Riconosco il grido di battaglia: “Attack!”
Travolto dall’entusiasmo mi giro e vedo Cristina che
applaude: ha le labbra socchiuse, le guance arrossate.
Senza pensarci su l’abbraccio e anche lei mi abbraccia: i suoi capelli mi sfiorano il viso.
Poi tutto intorno a me evapora e si dissolve.
Perché i sogni devono finire, proprio sul più bello?
“Altrimenti non sarebbero sogni”, direbbe Luca.
Siccome, anche se cerco di tenere gli occhi chiusi ancora per un po’, non riesco a riaddormentarmi, tiro un
calcio a lenzuola e coperte e infilo i piedi nelle ciabatte.
Realizzo che è domenica mattina quando in cucina
trovo la mamma che prepara la colazione, in pigiama
e con i capelli arruffati. Mi sorride: “Buongiorno,
campione”.
L’osservo per un po’ mentre toglie dal fornello il
bollitore del latte e infila una brioche nel microonde.
“Sai mamma”, le dico d’impulso mentre sposto la sedia per sistemarmi a tavola, “ho deciso che da grande
sposerò Cristina D’Avena”.
24
Lei mi guarda come se mi vedesse per la prima volta:
credo d’averla impressionata.
“La cantante?”
“Magari dopo le superiori.

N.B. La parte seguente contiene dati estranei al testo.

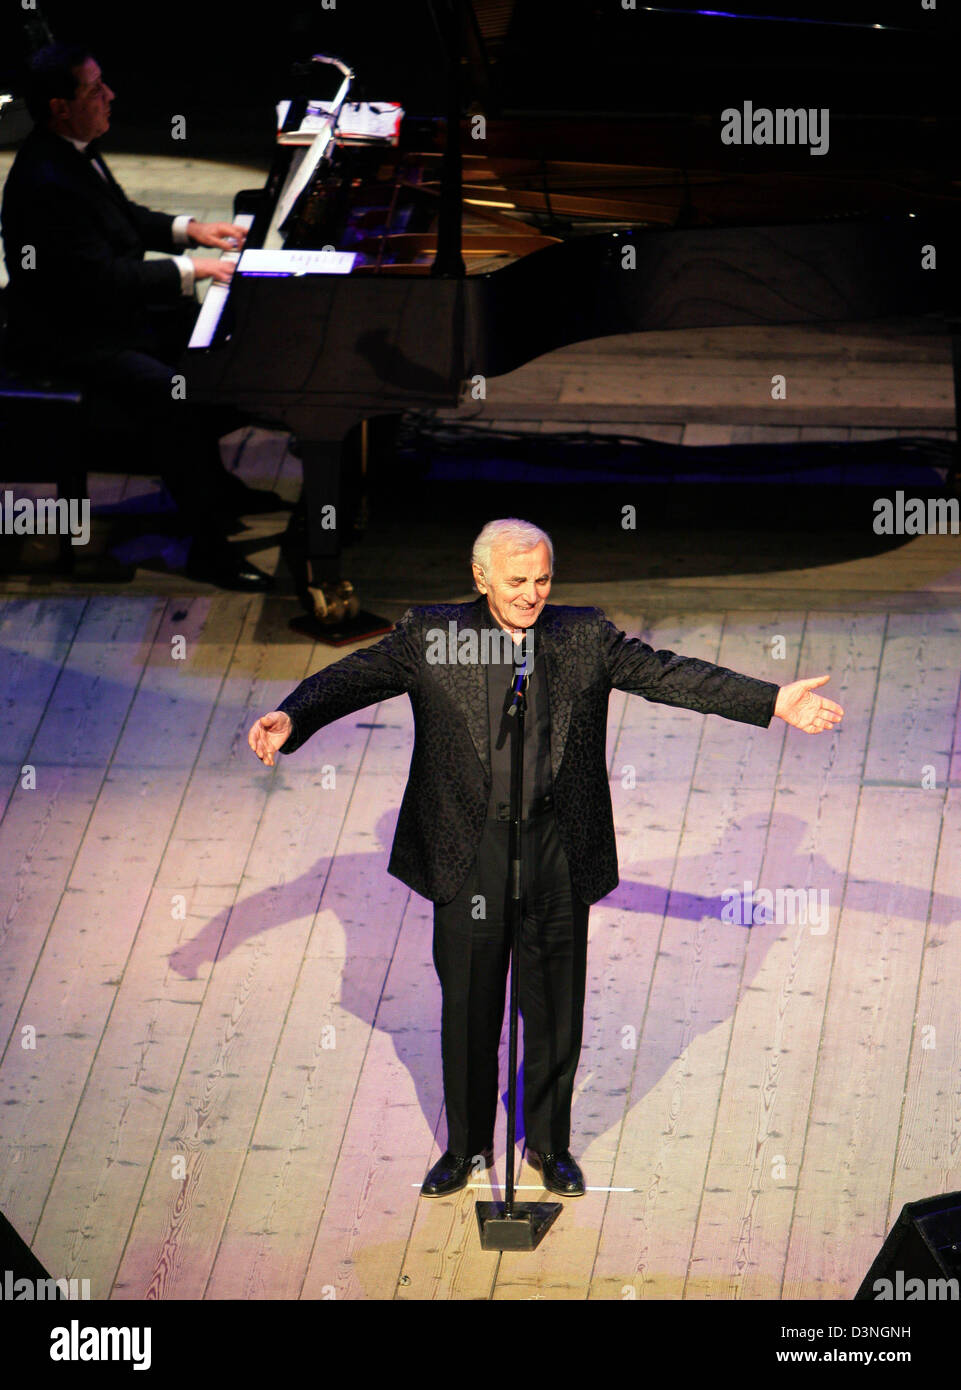 Charles Aznavour photograhed during his performance at the event 'Soiree de  Gala au Chateau de Versailles', Versailles, France, Monday 30.01.2006. The  proceeds of the gala will be donated to the French cancer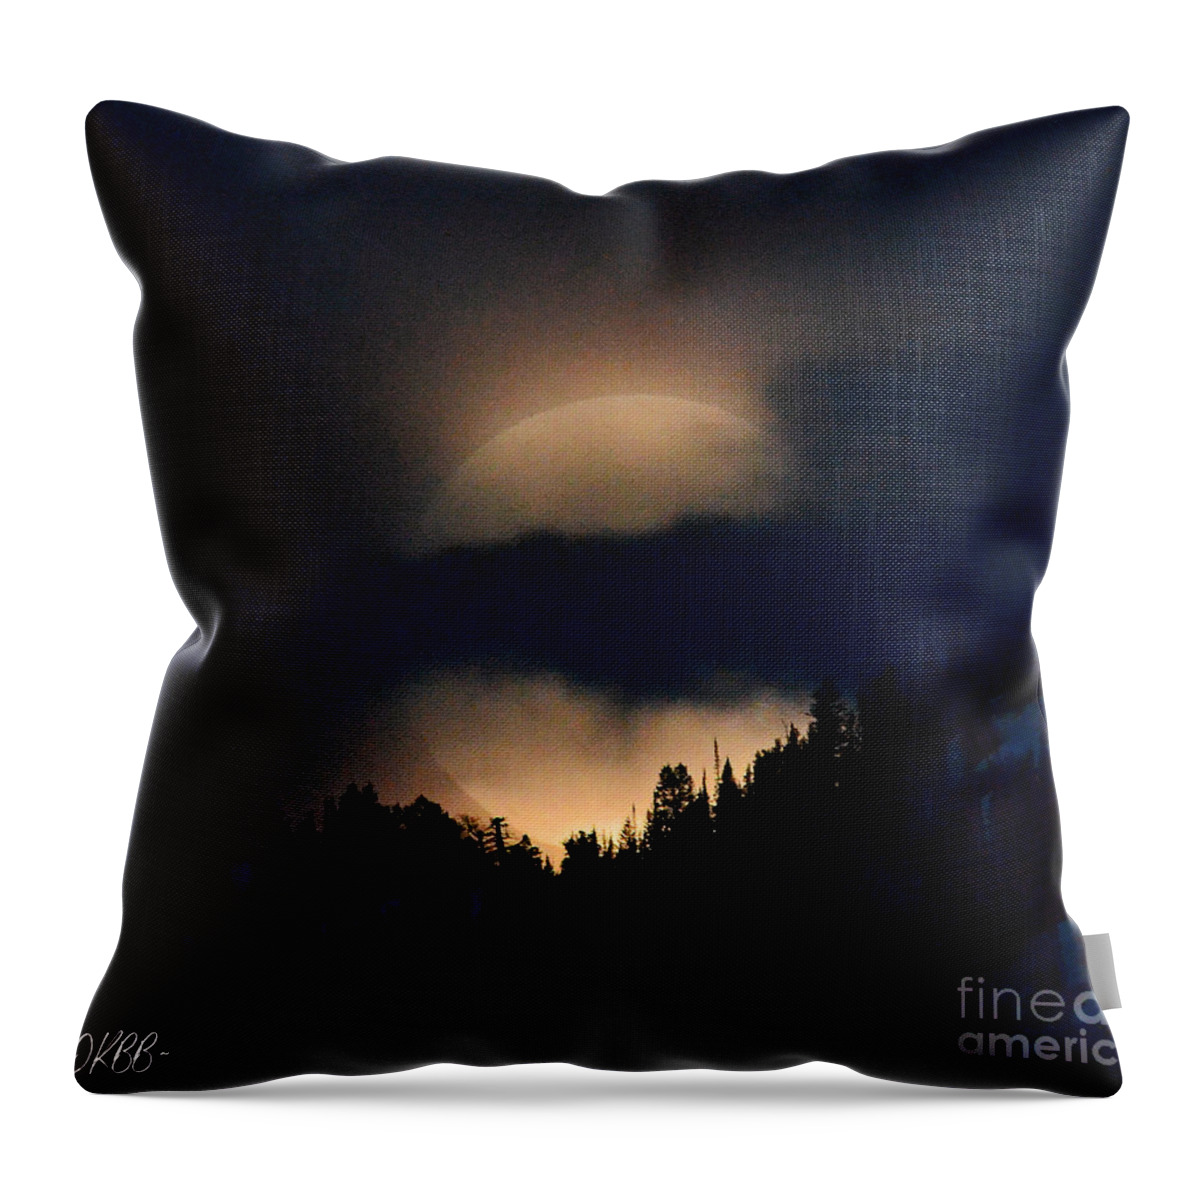 Full Moon Throw Pillow featuring the photograph Full Flower Moon #5 by Dorrene BrownButterfield

Facciamo dopo i primi
tre anni d’università”.
“Ottima scelta”. Commenta seria. Stranamente mi
dà corda senza sollevare polemiche.
“Sei d’accordo con me?”
“È una bella donna, una lavoratrice tenace, una professionista impeccabile”.
“Me la ricordo fin da allora”, prosegue, “avrò avuto
quattro anni e guardavo lo Zecchino d’Oro. Lei aveva
all’incirca la mia età e cantava ‘Ullallà, ullallalà, questo è il valzer del moscerino’. Solo che pronunciava
‘moccerrino’ e ogni volta io scoppiavo a ridere”.
Intanto che la mamma racconta mi gratto il mento
perplesso: i conti non tornano.
“Ma come”, protesto, “io ho quasi quattordici anni
e Chicco ormai ne ha venti, va all’università. E tu hai
l’età di… una mamma!”
Senza parlare sparisce per qualche istante in salotto. Torna con due riviste, di quelle che legge “per
rilassarsi”, come dice lei. Me le mette davanti, mi mostra alcuni titoli: Cristina D’Avena, una carriera lunga
quasi mezzo secolo. E ancora: Sarò una cinquantenne
eternamente giovane.
Un altro articolo mi toglie ogni dubbio: Nel 2014
Cristina D’Avena compirà cinquant’anni.
Mentre leggo la mamma mi osserva: ha paura che ci
sia rimasto male.
Be’, un po’ deluso forse lo sono. L’immaginavo appena un po’ più grande di una bambina.
25
Rimango in silenzio con la testa china e con il cucchiaio continuo a mescolare il liquido bollente dentro
la tazza. In effetti per me è un po’ presto per pensare
al matrimonio. Ci dev’essere un’alternativa, qualcosa
di meno impegnativo, che mi permetta di stare con
lei e di sognarla ancora.
Devo farmi venire un’idea. Se ne parlassi con Luca
non mi prenderebbe sul serio.
Poi mi viene in mente che la soluzione potrebbe essere a portata di mano. Alzo la testa.